AI Approaches to Qualitative and Quantitative News Analytics on NATO Unity
Bohdan M. Pavlyshenko
TL;DR
The paper addresses how GPT-based retrieval-augmented analysis can produce qualitative and quantitative insights about NATO unity and Article 5 trust from diverse online sources. It proposes a two-level RAG pipeline using GPT-4.1 to extract and summarize content from Google-sourced web pages, YouTube, and Reddit, followed by a synthesis of those summaries. Quantitative signals are modeled with Bayesian regression, yielding posterior distributions for trend parameters, and a Neural Ordinary Differential Equations framework models evolving opinions under external impulses via $\frac{dx}{dt} = a x (1 - x^2) - b x + c E$ and $\frac{dE}{dt} = -d E + I(t)$ with learned RHS functions. Findings indicate a downward trend in NATO unity/opinion scores and Article 5 trust, and the work demonstrates the potential of AI-based news analytics as part of broader analytical workflows, while recognizing limitations and the need for cautious interpretation.
Abstract
The paper considers the use of GPT models with retrieval-augmented generation (RAG) for qualitative and quantitative analytics on NATO sentiments, NATO unity and NATO Article 5 trust opinion scores in different web sources: news sites found via Google Search API, Youtube videos with comments, and Reddit discussions. A RAG approach using GPT-4.1 model was applied to analyse news where NATO related topics were discussed.
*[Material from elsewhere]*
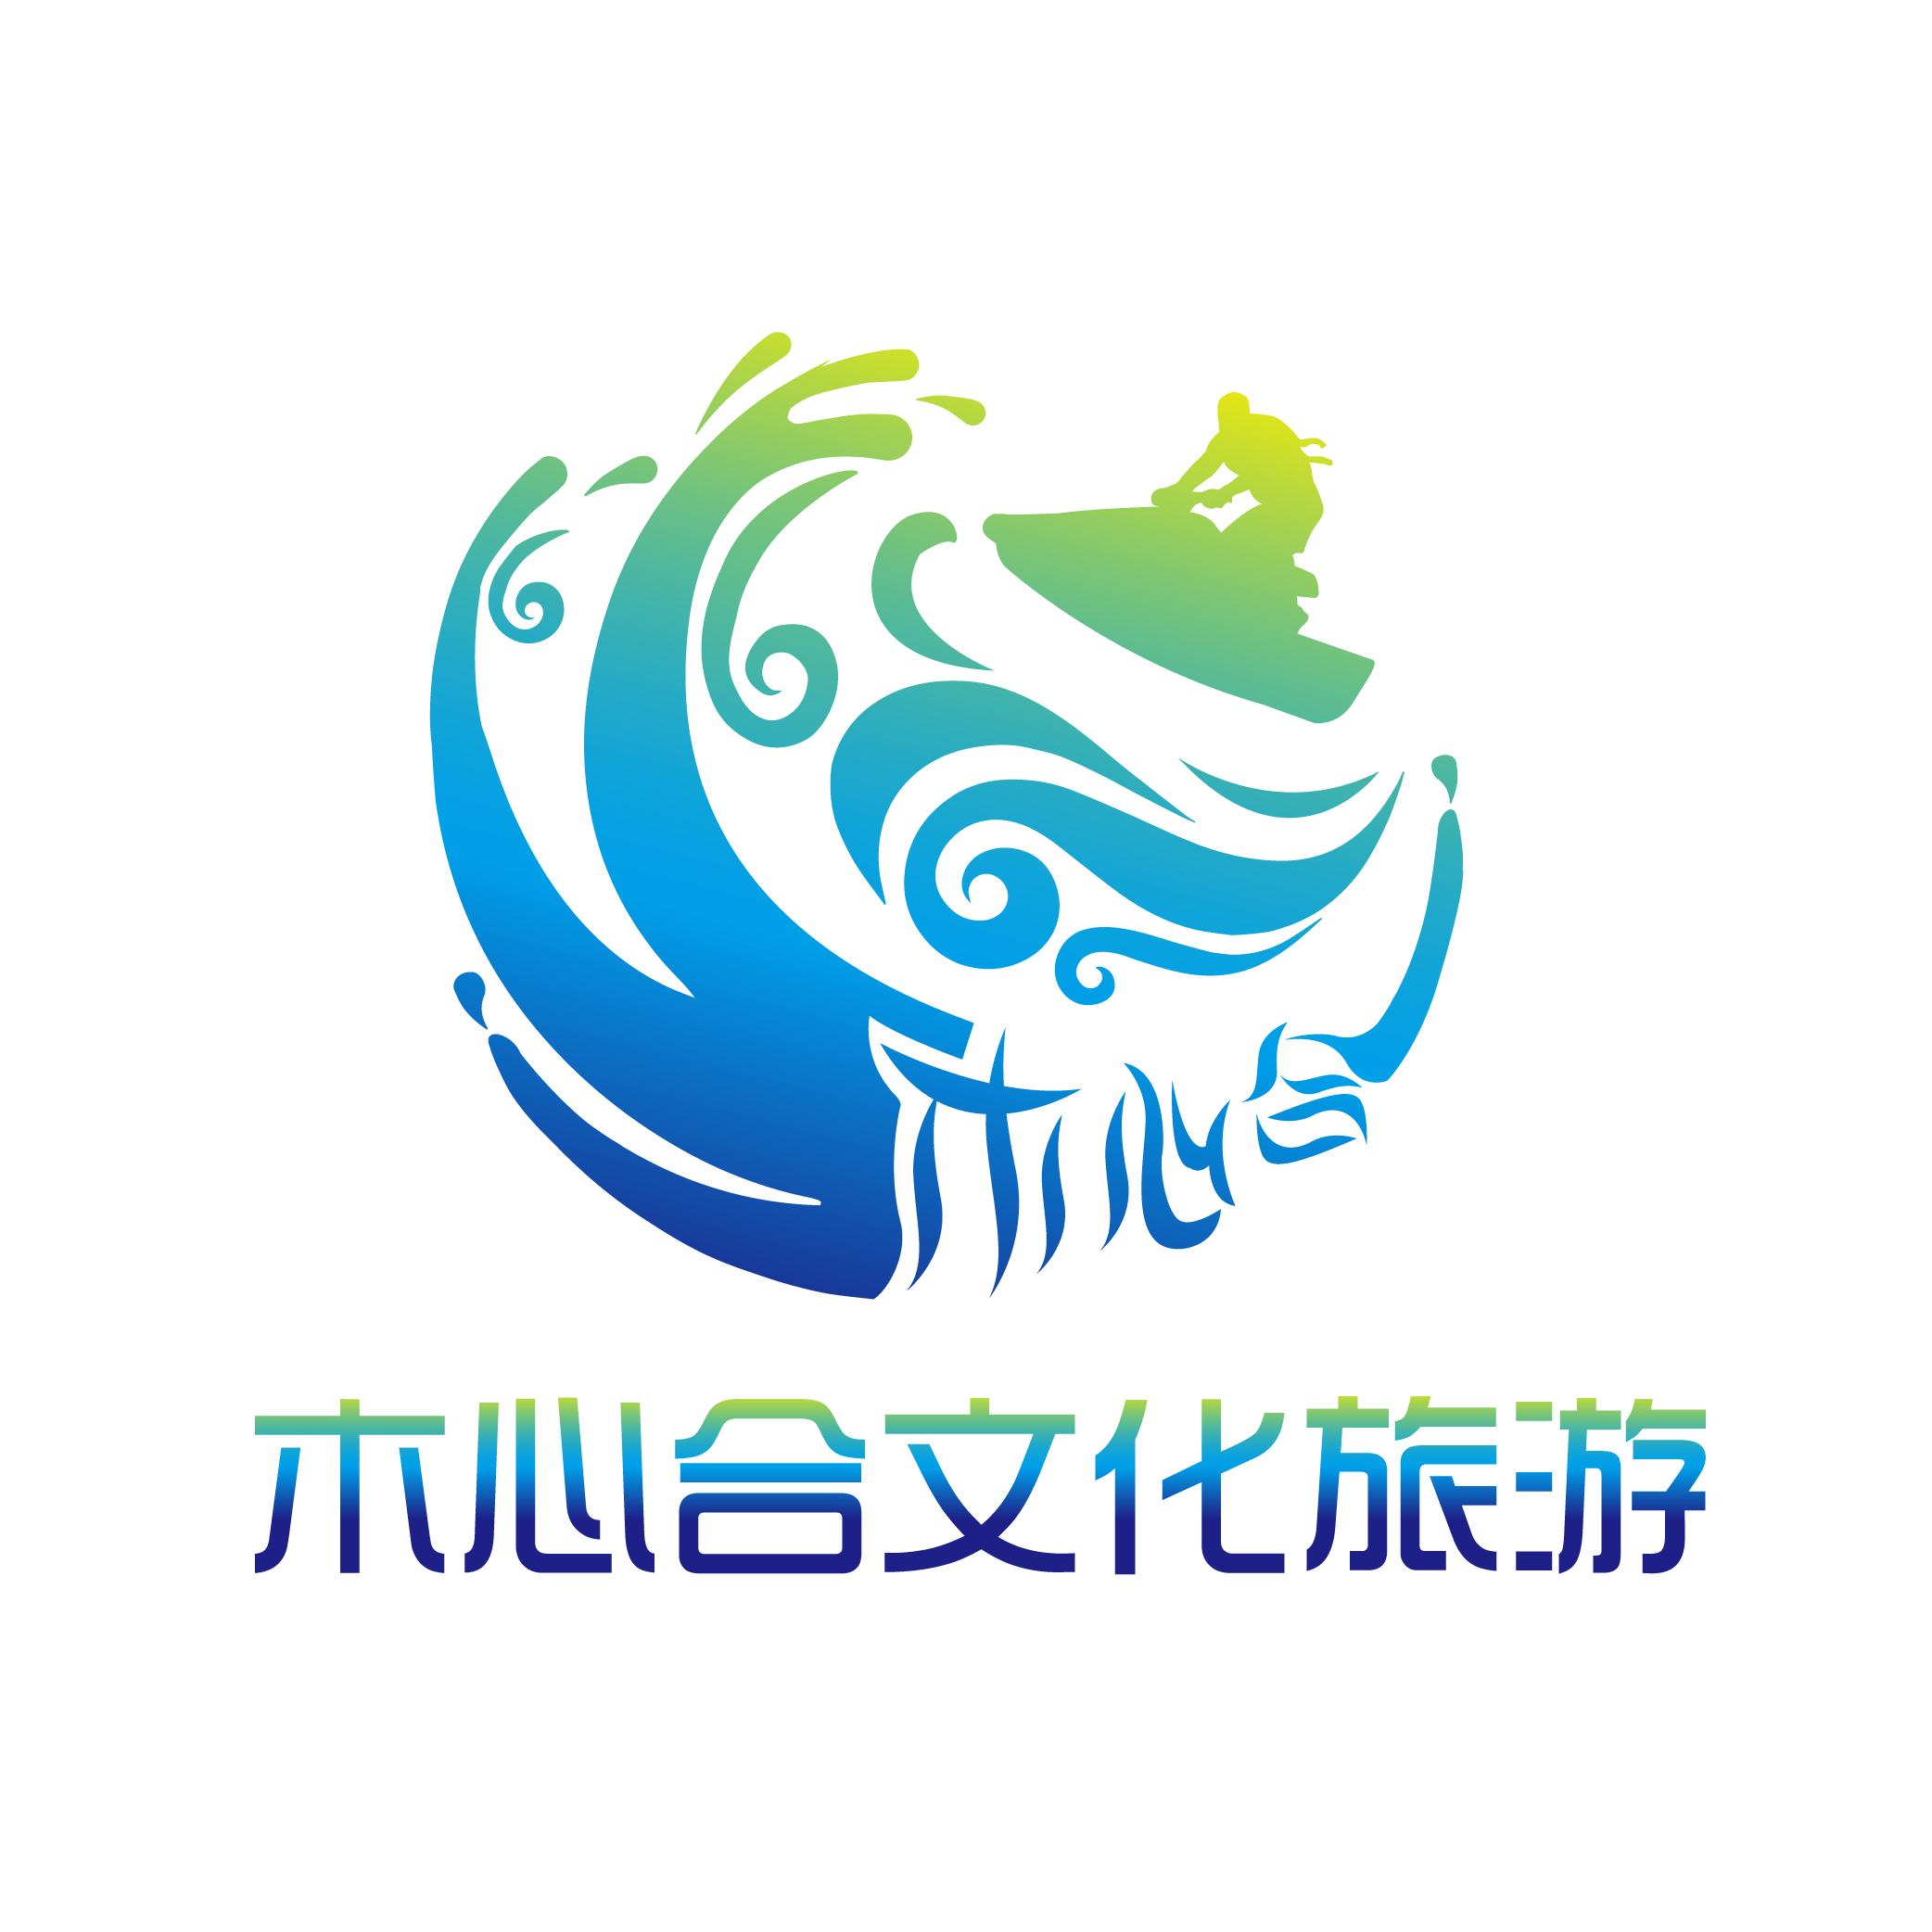 温州市洞头木心合文化旅游发展有限公司

Two levels of RAG analytics were used: on the first level, the GPT model generates qualitative news summaries and quantitative opinion scores using zero-shot prompts; on the second level, the GPT model generates the summary of news summaries. Quantitative news opinion scores generated by the GPT model were analysed using Bayesian regression to get trend lines. The distributions found for the regression parameters make it possible to analyse an uncertainty in specified news opinion score trends. Obtained results show a downward trend for analysed scores of opinion related to NATO unity. This approach does not aim to conduct real political analysis; rather, it consider AI based approaches which can be used for further analytics as a part of a complex analytical approach. The obtained results demonstrate that the use of GPT models for news analysis can give informative qualitative and quantitative analytics, providing important insights. The dynamic model based on neural ordinary differential equations was considered for modelling public opinions. This approach makes it possible to analyse different scenarios for evolving public opinions.